- O Globo
Racismo permanece visível nos indicadores e na cena pública brasileira, mas as últimas duas décadas foram de avanços em algumas áreas
Há boas notícias para serem lembradas neste dia da consciência negra. Sem esquecer o imenso, e inaceitável, espaço das distâncias sociais brasileiras, é possível ver o avanço que houve nas duas décadas deste século. Uma parte da mudança aconteceu na educação. Mais da metade dos jovens pretos e pardos, de 18 a 24 anos, está na universidade. É uma esperança no futuro. Esperança de que entrem no mercado de trabalho, abram portas que seus pais nunca conseguiram atravessar, cheguem aos postos de comando nos quais outras gerações nunca estiveram, realizem seu talento, mudem o país.
Em 2005, dos jovens pretos e pardos, de 18 a 24 anos, 25,4% estavam na universidade. Em 2015 o número tinha saltado para 40%. A Pnad mudou a metodologia, por isso os números recentes não podem ser comparados com a antiga base de dados, mas a nova pesquisa mostra que em 2016 eram 50,5% e em 2018 já atingiam 55,6%.
Houve muito debate no começo deste século sobre se o melhor era elevar a qualidade da educação pública desde os primeiros anos ou adotar políticas de ação afirmativa, como as cotas para a universidade. O que se vê é que não são excludentes. O ideal sempre foi abrir as portas do ensino superior público, preferencialmente para quem é do grupo discriminado, mas também investir em melhorar a educação.

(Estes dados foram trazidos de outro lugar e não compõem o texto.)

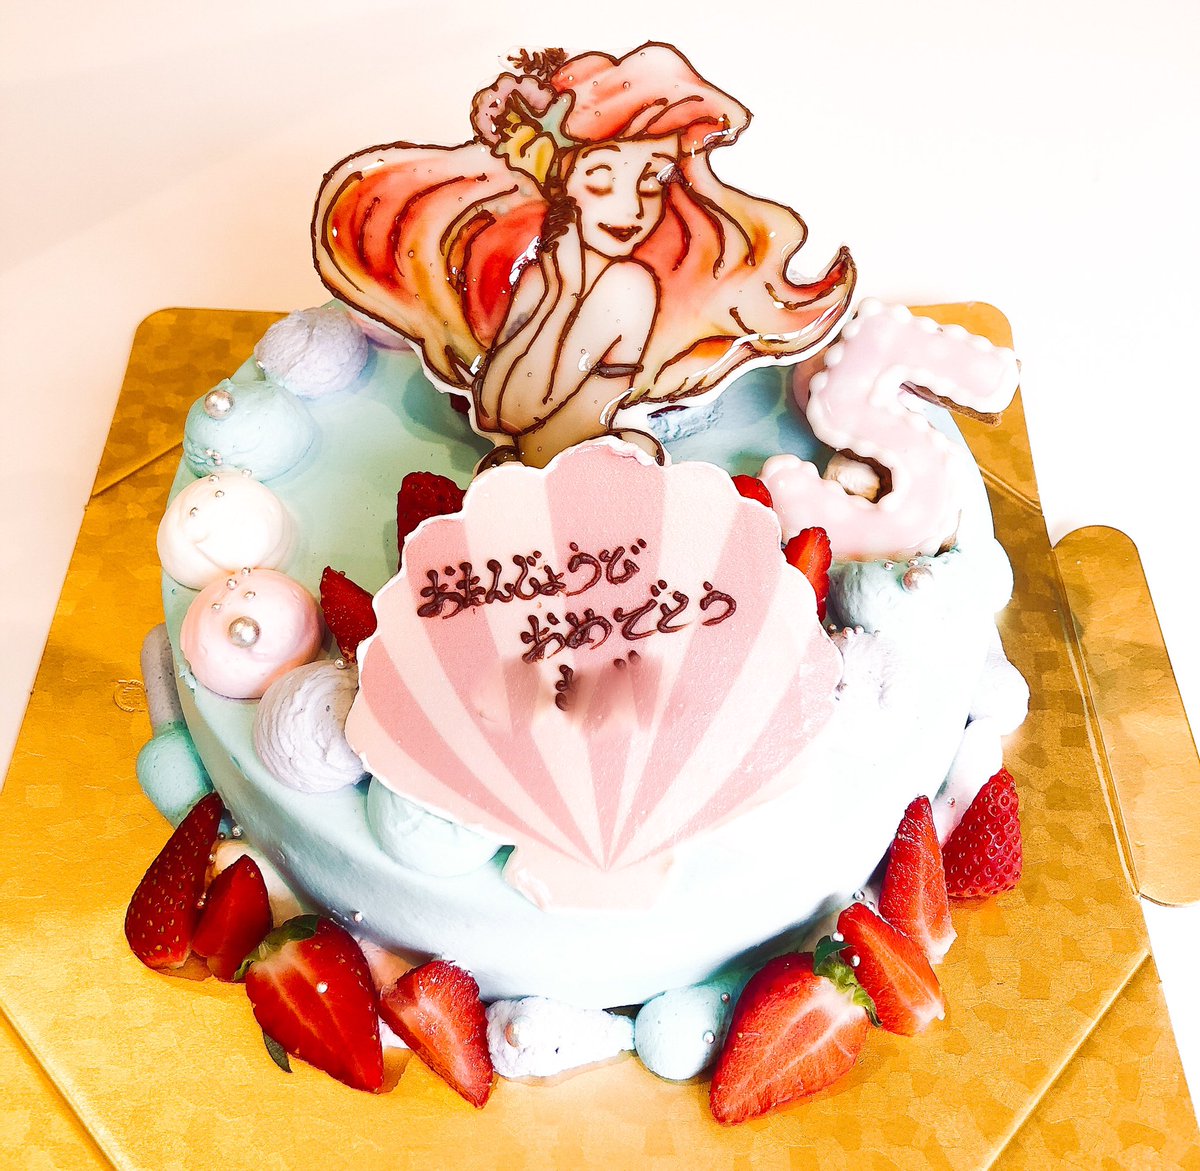 洋菓子の家ｍｉｍｉ ケーキの中からアリエル これは嬉しいお誕生日ケーキになりそうですね Mimi デコレーション ケーキ オリジナル

As cotas vieram, as universidades públicas estão em crise, por outros motivos, mas são ainda o caminho no qual se constrói o começo do desmonte das barreiras artificiais que separam os grupos sociais brasileiros. Muita coisa aconteceu nestas duas décadas, muita ainda falta acontecer nas próximas décadas. O racismo permanece visível nos indicadores sociais e na cena pública brasileira. O desemprego é maior entre negros, são eles que recebem salários menores e são a maioria dos informais. Há um dado que mostra o inegável da discriminação: brancos com curso superior têm salários 45% mais elevados do que os negros que também concluíram o curso superior. Eles são iguais na escolaridade, mas a renda é desigual dependendo da cor da pele.
Nada é mais aterrador, no entanto, que os números de morte violenta de jovens negros. A taxa de homicídio de brancos de 15 a 29 anos é 34 por cem mil habitantes, dos pretos e pardos é 98,5. E, se forem apenas os homens negros, é 185. Seja branco, preto ou pardo, nada disso deveria acontecer. Seja o número que for, é excessivo. A morte violenta de jovens no Brasil é uma calamidade pública.

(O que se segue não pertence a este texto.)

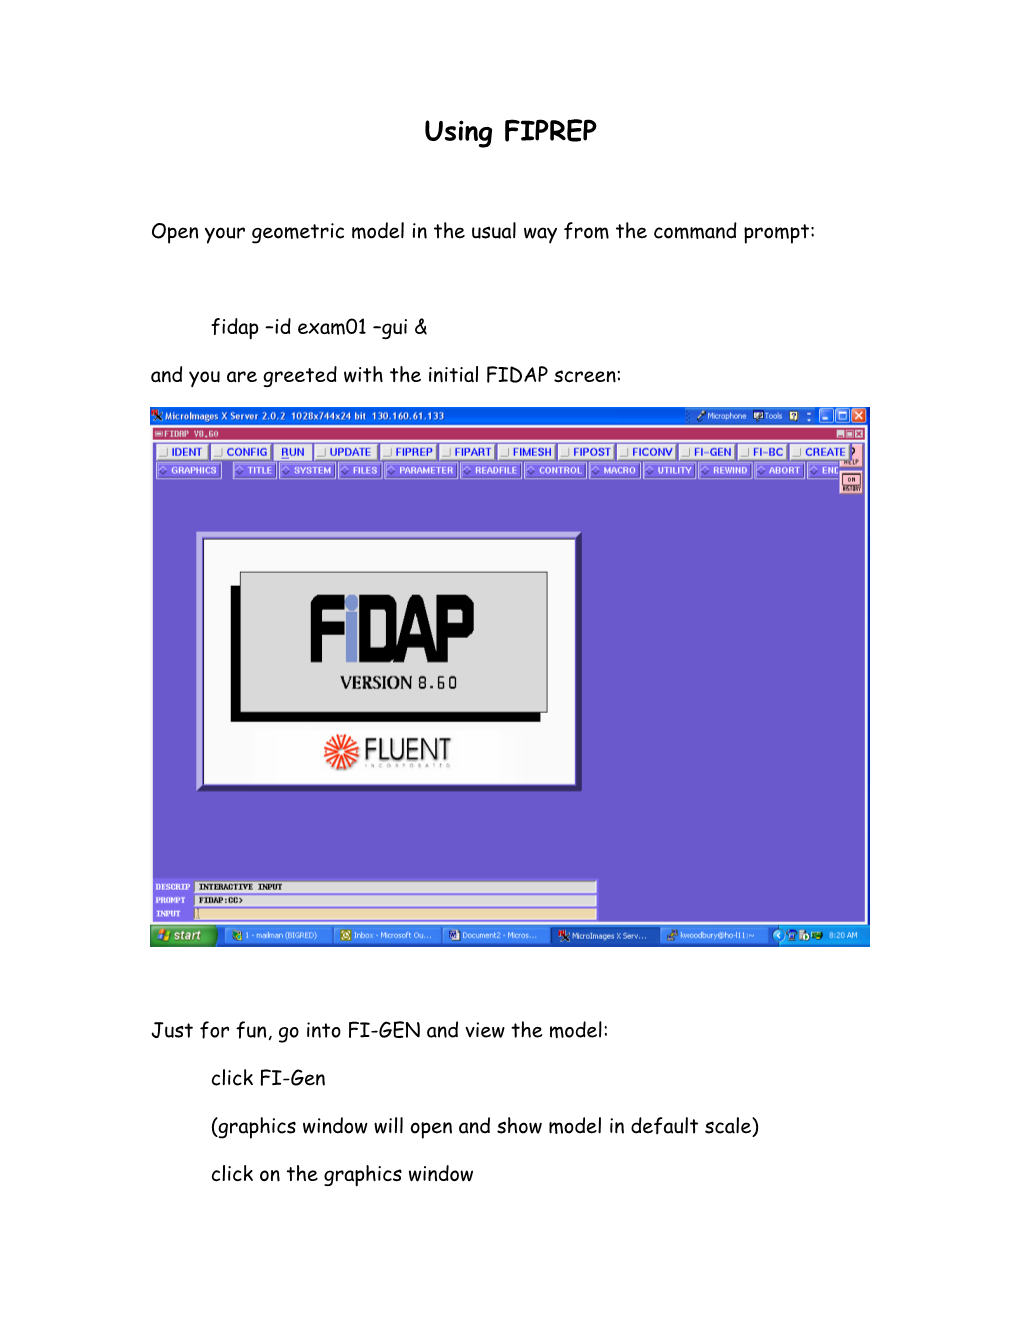 Remote Access of FIDAP

O IBGE fez o saudável esforço que sempre faz em informar o debate brasileiro sobre esse tema. Vários recortes, vários dados e comparações foram divulgados nos últimos dias. E lá estão as feridas. A taxa de analfabetismo dos brancos com mais de 15 anos é 3,9%, dos negros, é 9,1%. O único número aceitável seria zero. Para todos. Ontem mesmo saiu a desagregação do desemprego do terceiro trimestre. É de 9,2% entre brancos, 13,6% entre pardos e 14,9% entre pretos. Na Câmara dos Deputados, 75,6% são brancos. Quase 70% dos cargos gerenciais são ocupados por brancos.

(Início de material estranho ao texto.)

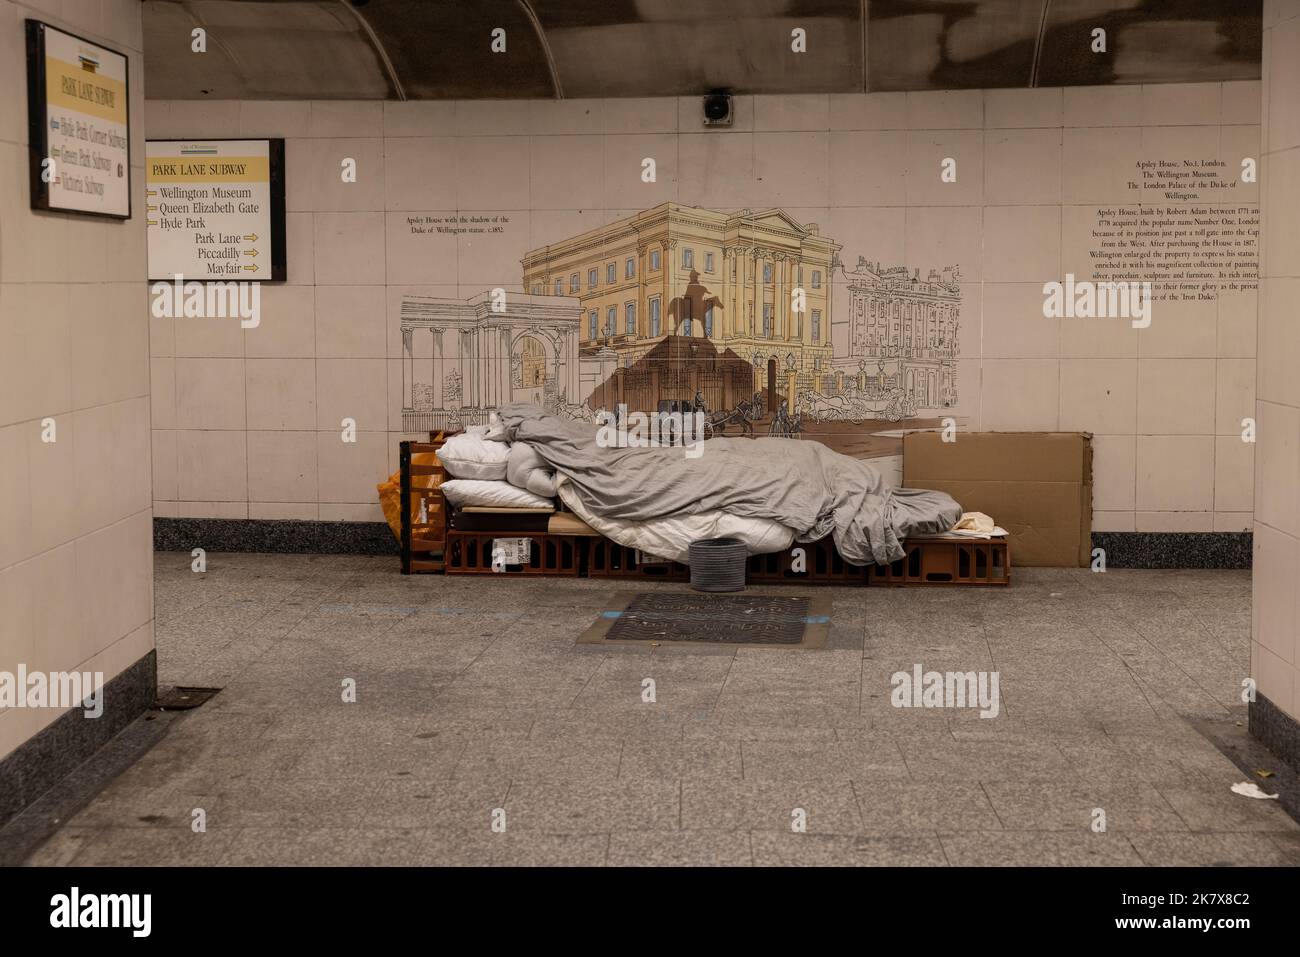 Sans-abri personne dort sur un lit temporaire assis sur une base en carton dans un métro souterrain, Hyde Park, Londres, Angleterre, Royaume-Uni Banque D'Images

Muita gente se pergunta: por que falar disso aniversariamente? Por que em novembro, no exato dia 20, em que, há 324 anos, morria Zumbi dos Palmares, algumas cidades do país têm o feriado da consciência negra? O problema das desigualdades raciais pode e deve ser falado todos os outros dias, mas é bom que haja um momento como o de hoje, dedicado ao tema.
Há coisas que insistem em permanecer, como a negação de que o racismo exista no país, mas há evidentes sinais de que muita coisa está mudando. Nas ruas, nas artes, nas propagandas, na literatura, nas empresas, os negros estão cada vez mais visíveis. Eles, elas estão mais orgulhosos do que nunca da sua beleza, dispostos a deixar os cabelos soltos, acentuando as diferenças dos tipos físicos que dão ao Brasil o belo colorido da nossa diversidade.
Ainda há muito caminho a andar. E agora há de novo uma onda contrária que tenta apagara agendado debate racial no país. Não vão conseguir. Negara existência da ferida não vai curá-la. É preciso persistir no caminho de enfrentar o problema para superá-lo. O futuro será de mais e mais diversidade em todas as áreas da vida brasileira.